Goal of the exercise — Without including any images, please transcribe all the lines below exactly.

+++ Given material

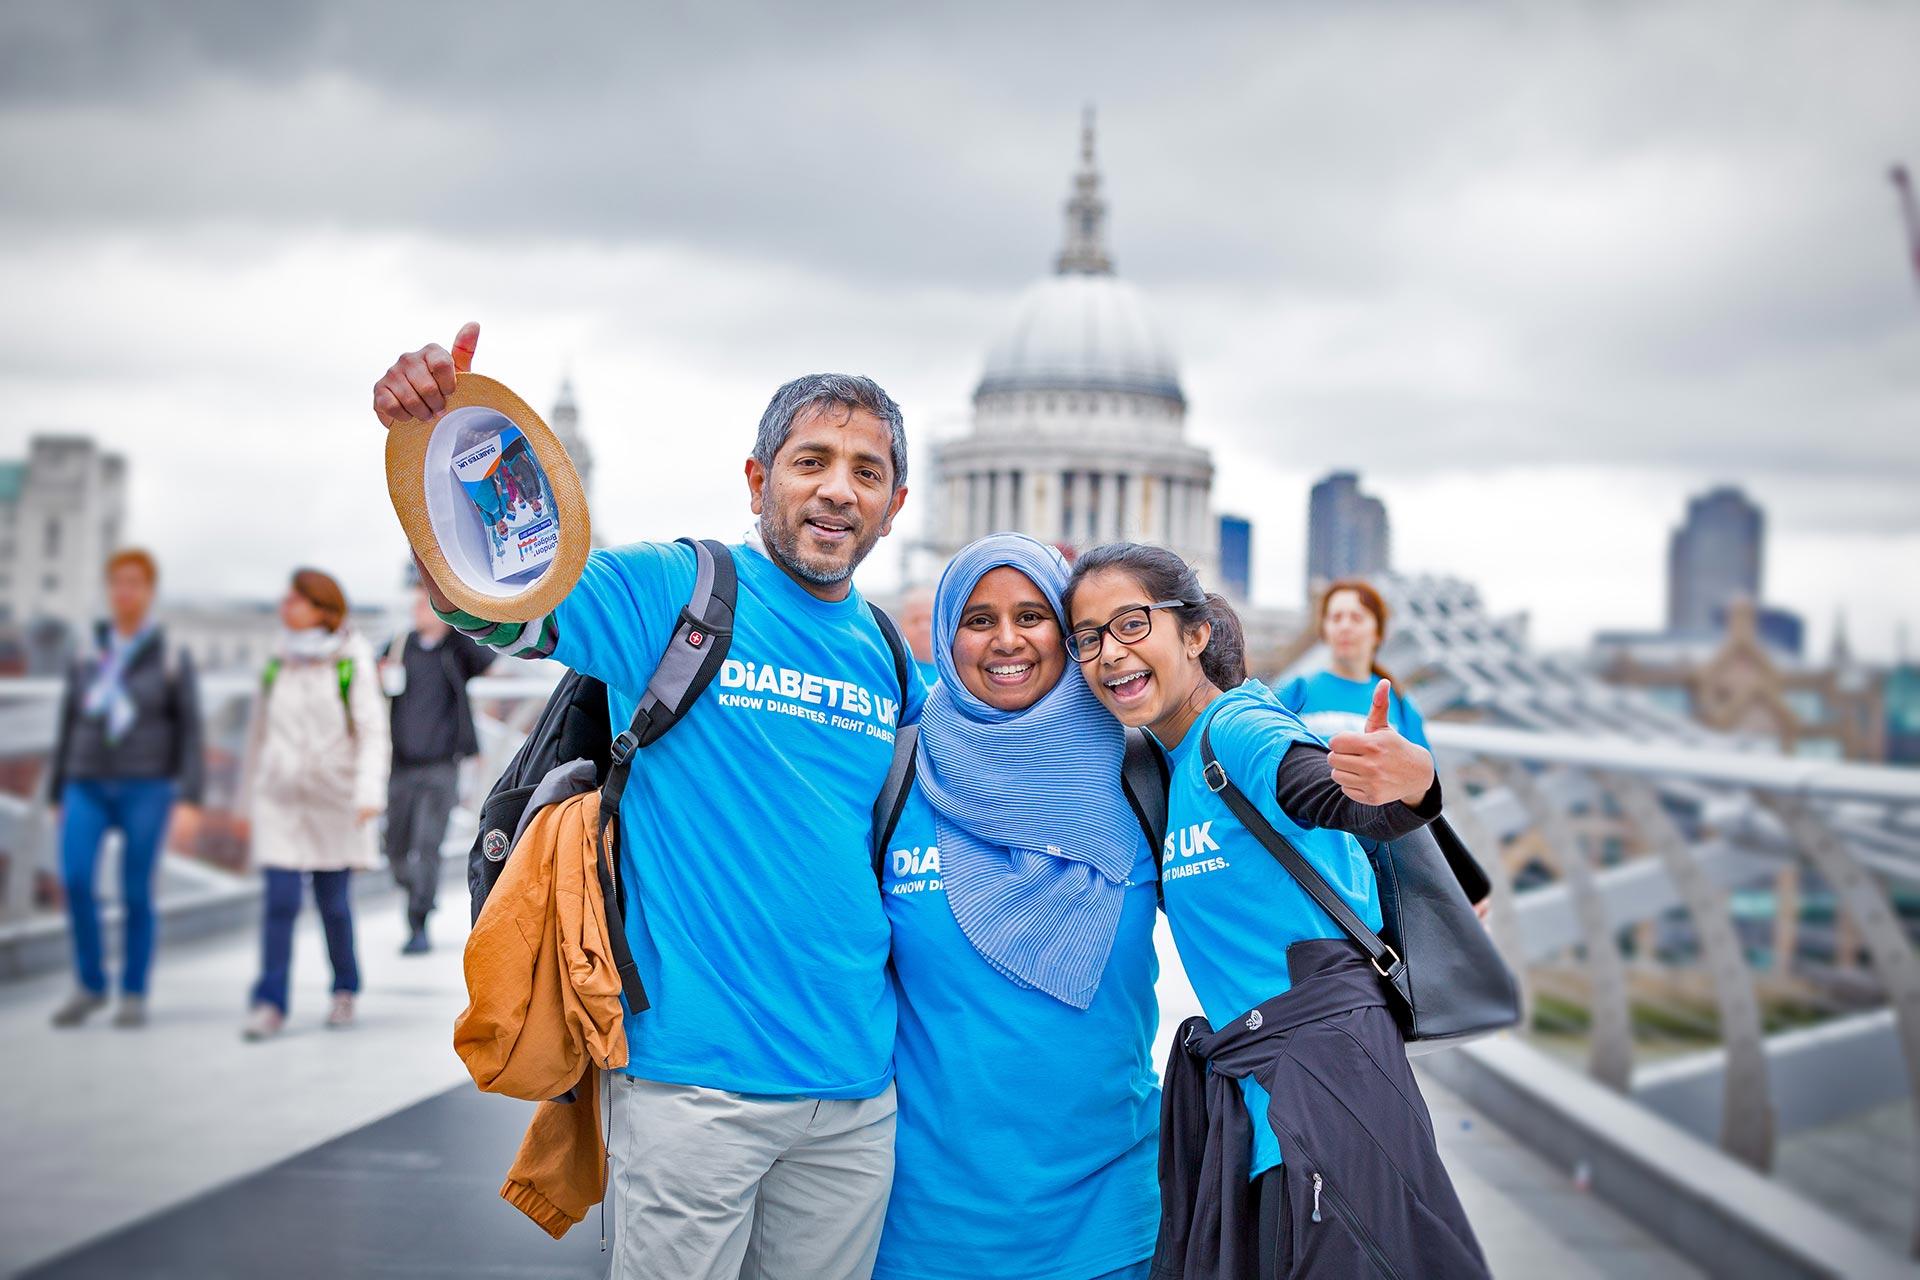 Diabetes-UK-London-Bridges-Challenge-on-1st-October-2017-©-Brendan-Foster-Photography-477-Edit-33.jpg
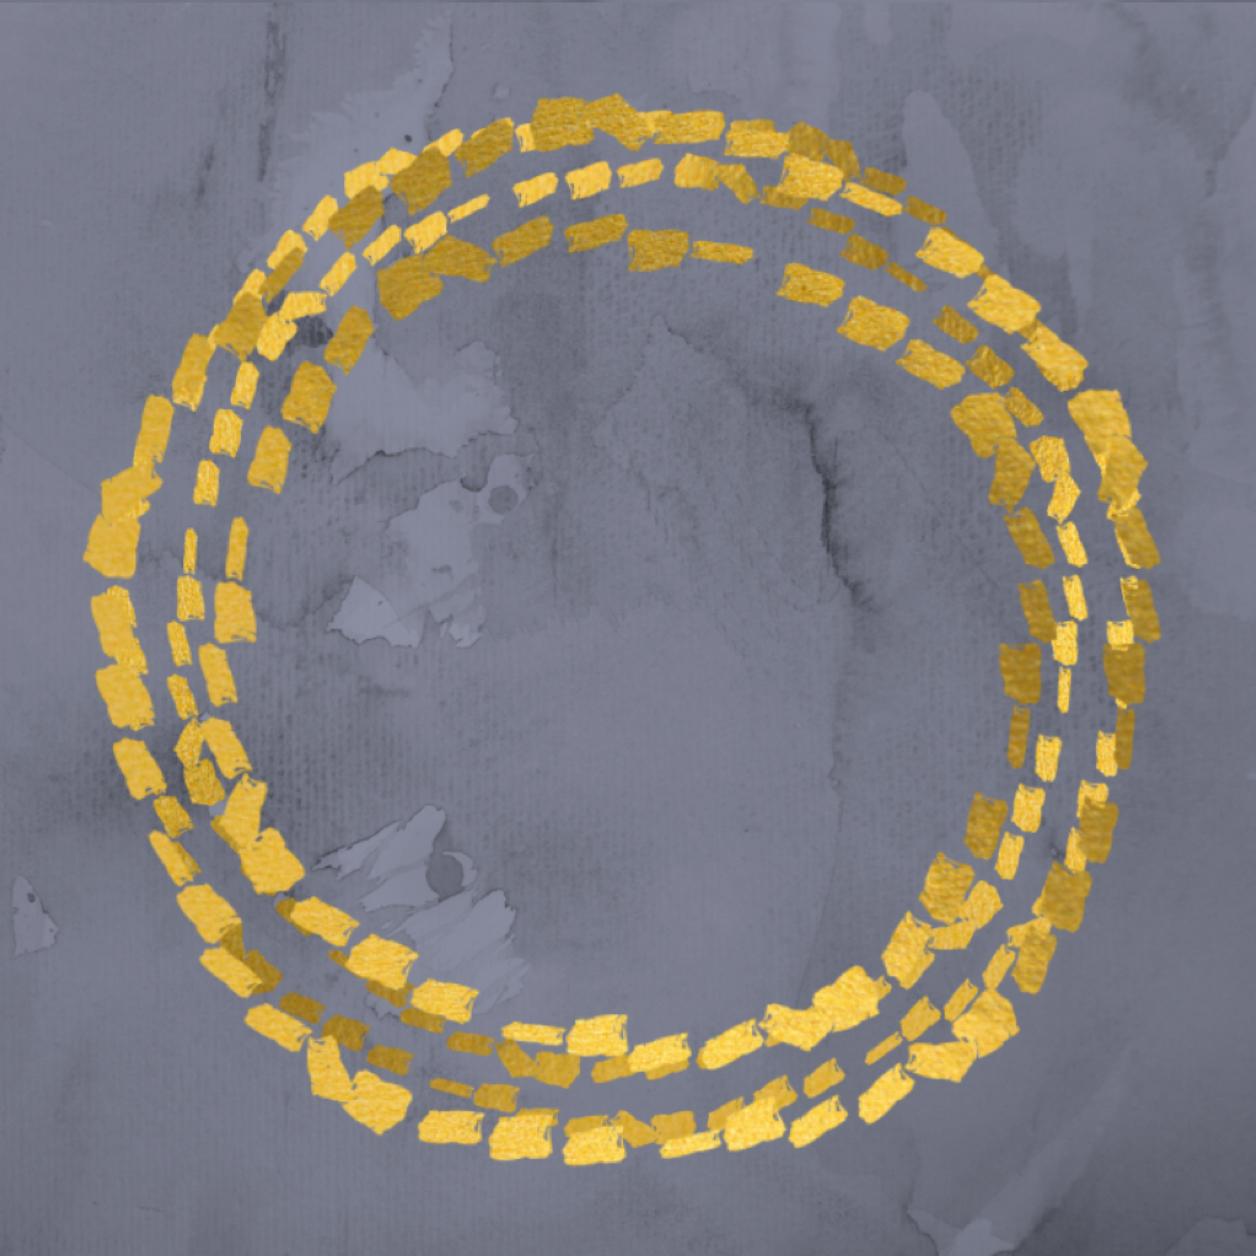 Artwork of three gold circles circumscribing an arena, on a grey water color backgroun
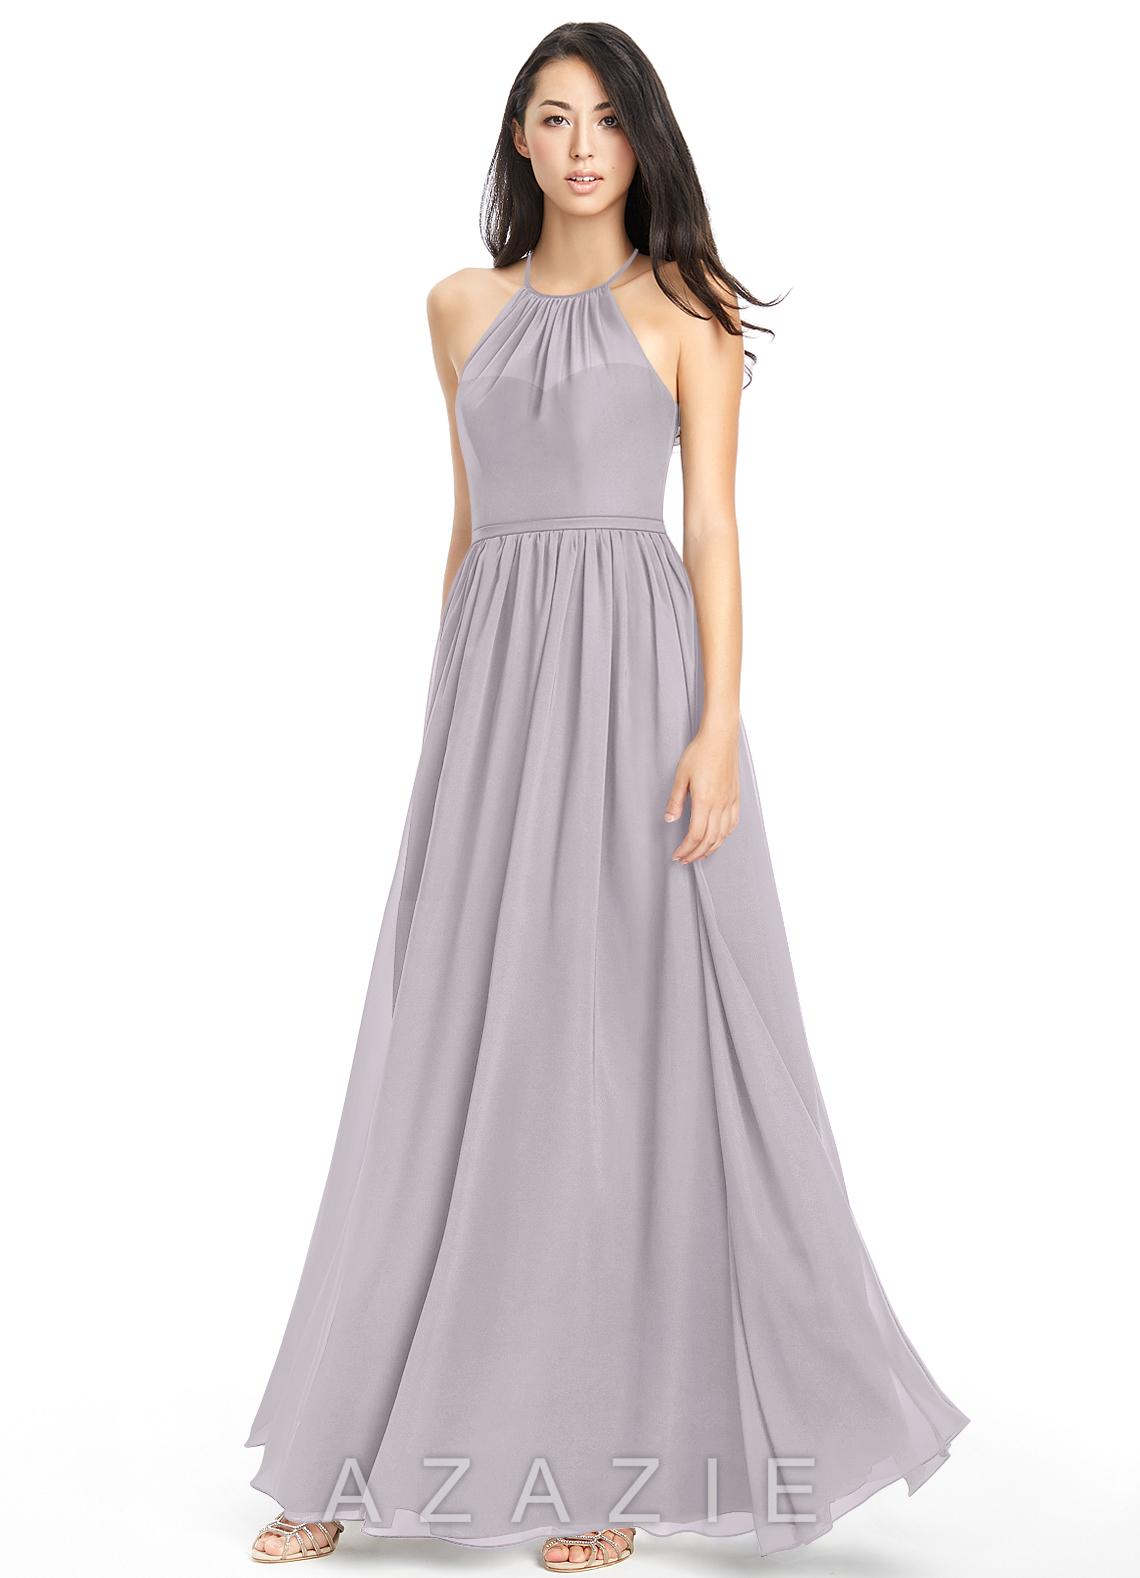 Azazie kailyn bridesmaid dress azazie loading zoom ombrellifo Images

++++++

Answer to this task —
 Diabetes-UK-London-Bridges-Challenge-on-1st-October-2017-©-Brendan-Foster-Photography-477-Edit-33.jpg
 Artwork of three gold circles circumscribing an arena, on a grey water color backgroun
 Azazie kailyn bridesmaid dress azazie loading zoom ombrellifo Images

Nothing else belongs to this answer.